Xerophaeus phaseolus

Scientific classification
- Kingdom: Animalia
- Phylum: Arthropoda
- Subphylum: Chelicerata
- Class: Arachnida
- Order: Araneae
- Infraorder: Araneomorphae
- Family: Gnaphosidae
- Genus: Xerophaeus
- Species: X. phaseolus
- Binomial name: Xerophaeus phaseolus Tucker, 1923

= Xerophaeus phaseolus =

- Authority: Tucker, 1923

Species of spider

Xerophaeus phaseolus is a species of spider in the family Gnaphosidae.

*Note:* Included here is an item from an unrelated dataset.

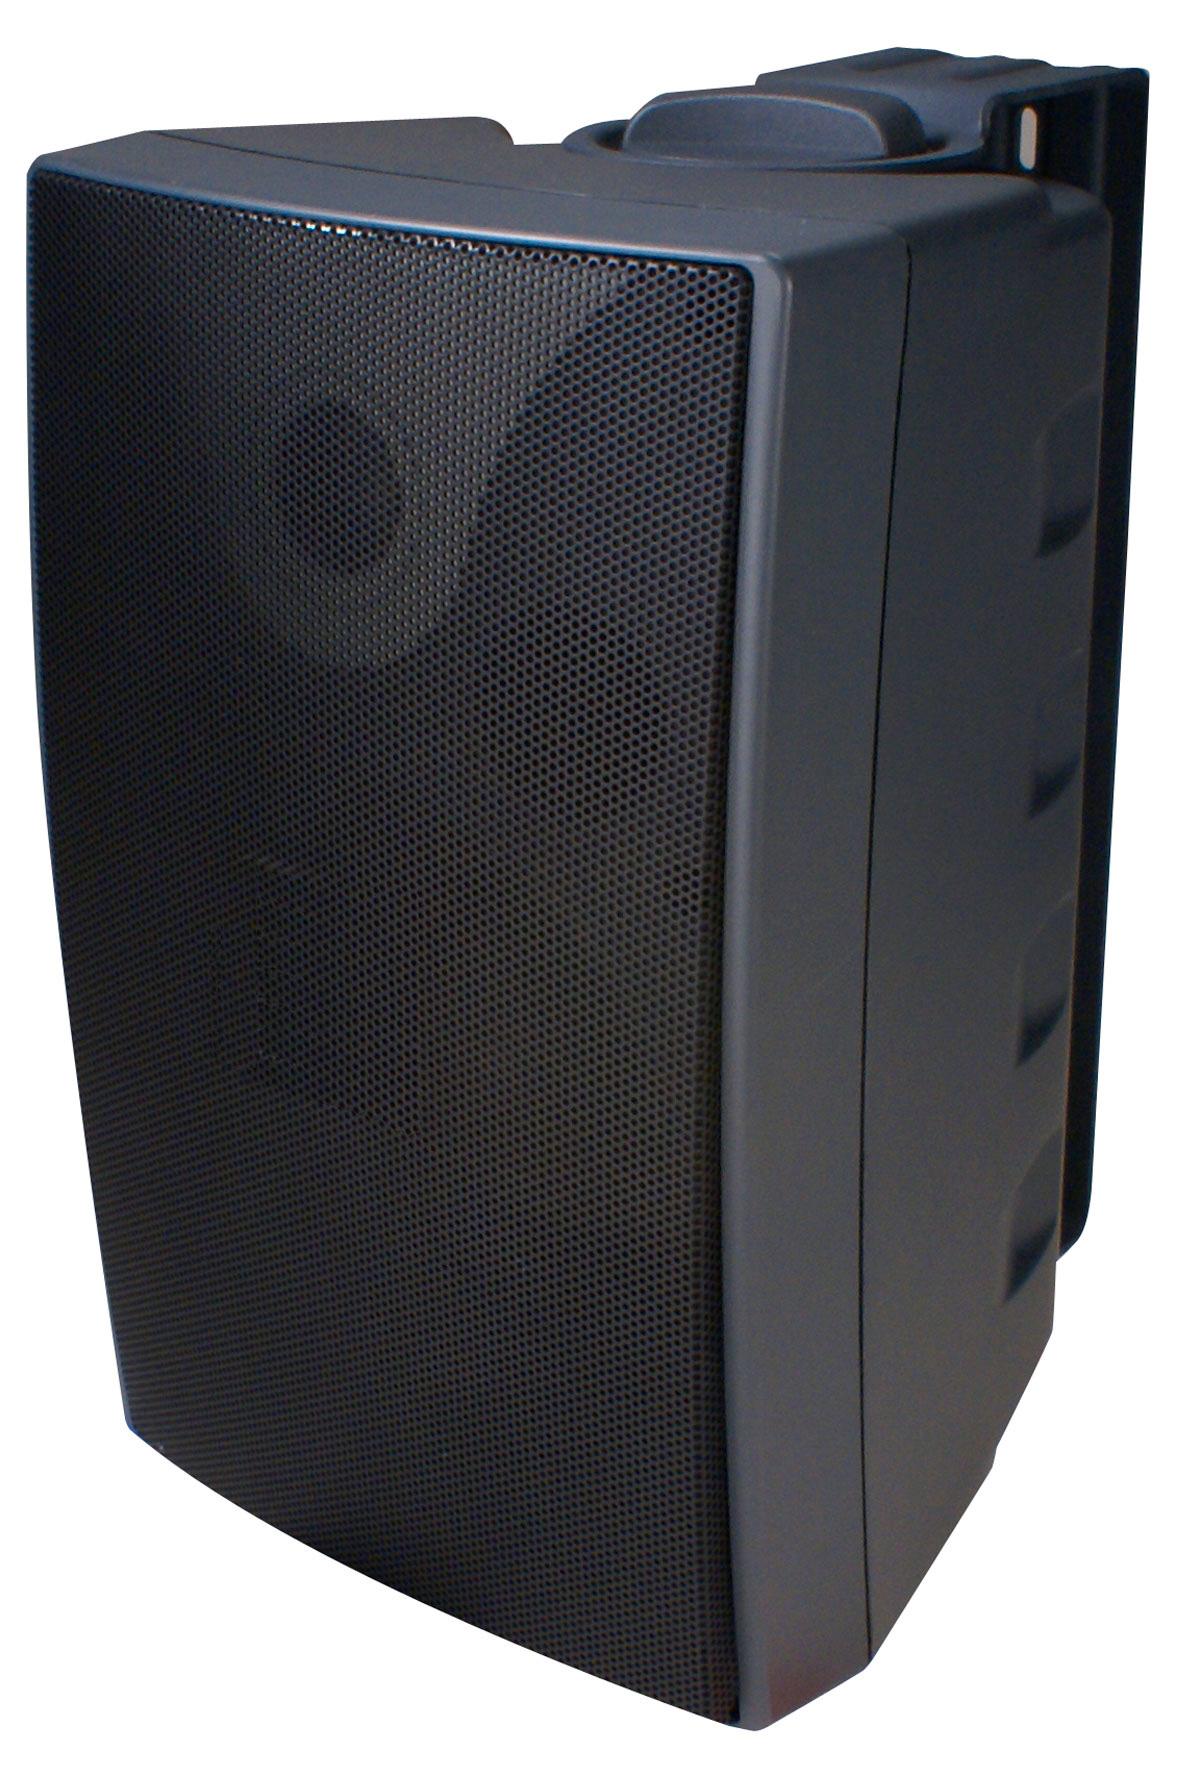 Speco Sp6awx 6 Inch Outdoor Speaker Black Pair

It is endemic to South Africa.

==Distribution==
Xerophaeus phaseolus is endemic to the Western Cape.

==Habitat and ecology==
The species inhabits multiple biomes including Fynbos, Succulent Karoo, and Thicket biomes at altitudes ranging from 3 to 588 m above sea level. Xerophaeus phaseolus are free-living ground dwellers.

==Conservation==
Xerophaeus phaseolus is listed as Data Deficient for taxonomic reasons, though it has a wide geographical range. The species is protected in De Hoop Nature Reserve and Swartberg Nature Reserve. There are no significant threats.

==Taxonomy==
The species was originally described by Tucker in 1923 from St Helena Bay, Steenberg Cove. The species has not been revised and is known only from the female.